自动完成服务器端执行 [英] Autocomplete server-side implementation

查看:176
本文介绍了自动完成服务器端执行的处理方法,对大家解决问题具有一定的参考价值,需要的朋友们下面随着小编来一起学习吧!

问题描述

什么是落实在HTML的输入框自动完成功能的服务器端组件快速而有效的方式?

What is a fast and efficient way to implement the server-side component for an autocomplete feature in an html input box?

我写一个服务来自动完成用户查询在我们的网页界面的主搜索框,完井显示在一个Ajax支持的下拉列表。我们正在运行的查询对数据简直是一大桌子的概念,我们的系统知道,这大致与设定的维基百科页面标题匹配。此服务明显速度是非常重要的,因为在网页的响应是对用户体验的重要。

I am writing a service to autocomplete user queries in our web interface's main search box, and the completions are displayed in an ajax-powered dropdown. The data we are running queries against is simply a large table of concepts our system knows about, which matches roughly with the set of wikipedia page titles. For this service obviously speed is of utmost importance, as responsiveness of the web page is important to the user experience.

目前的实现只加载在一个有序集合所有概念到内存中,并执行上的用户击键的简单的log(n)查询。然后tailset用于提供超越最接近的匹配的附加的匹配。这种解决方案的问题是,它不能扩展。目前,它是针对虚拟机的堆空间极限跑起来(我已经设置-Xmx2g,这是关于我们可以把我们的32位机器最),这$ P $从扩大我们的概念表或添加更多的功能pvents我们。切换到64位的虚拟机上有更多内存的机器是不是立即选择。
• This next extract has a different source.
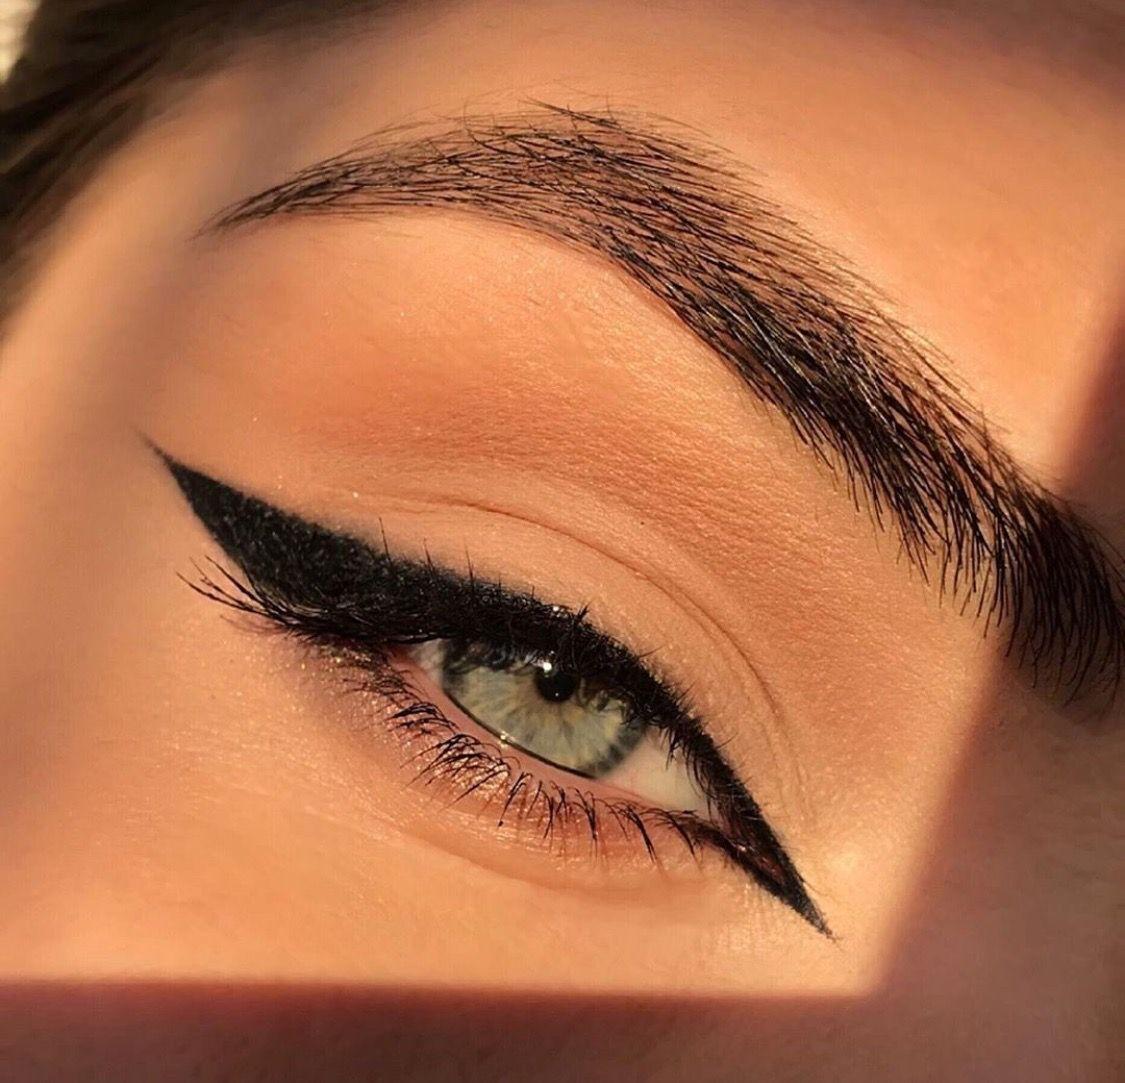 🎄ⓟⓘⓝ ❤︎ @ brianaa0122🎄 in 2020 | Makeup eyeliner, No eyeliner makeup, Cat eye  makeup

The current implementation simply loads all concepts into memory in a sorted set, and performs a simple log(n) lookup on a user keystroke. The tailset is then used to provide additional matches beyond the closest match. The problem with this solution is that it does not scale. It currently is running up against the VM heap space limit (I've set -Xmx2g, which is about the most we can push on our 32 bit machines), and this prevents us from expanding our concept table or adding more functionality. Switching to 64-bit VMs on machines with more memory isn't an immediate option.

我一直犹豫,开始在基于磁盘的解决方案,工作,我很担心,磁盘寻道时间会杀了性能。是否有可能的解决方案,可以让我变得更好,无论是完全在内存或一些快速的磁盘备份的实现?

I've been hesitant to start working on a disk-based solution as I am concerned that disk seek time will kill performance. Are there possible solutions that will let me scale better, either entirely in memory or with some fast disk-backed implementations?

编辑:

@Gandalf:对于我们的用例是非常重要的自动完成为com prehensive而不是用户只要额外的帮助。至于我们所完成,它是概念型对的列表。例如,可能的条目是[(微软,软件公司),(杰夫·阿特伍德,程序员),(StackOverflow.com,网站)。我们使用Lucene的完整的搜索,一旦用户选择从自动完成列表中的项目,但我还不确定的Lucene会为自动完成自身工作。

@Gandalf: For our use case it is important the the autocompletion is comprehensive and isn't just extra help for the user. As for what we are completing, it is a list of concept-type pairs. For example, possible entries are [("Microsoft", "Software Company"), ("Jeff Atwood", "Programmer"), ("StackOverflow.com", "Website")]. We are using Lucene for the full search once a user selects an item from the autocomplete list, but I am not yet sure Lucene would work well for the autocomplete itself.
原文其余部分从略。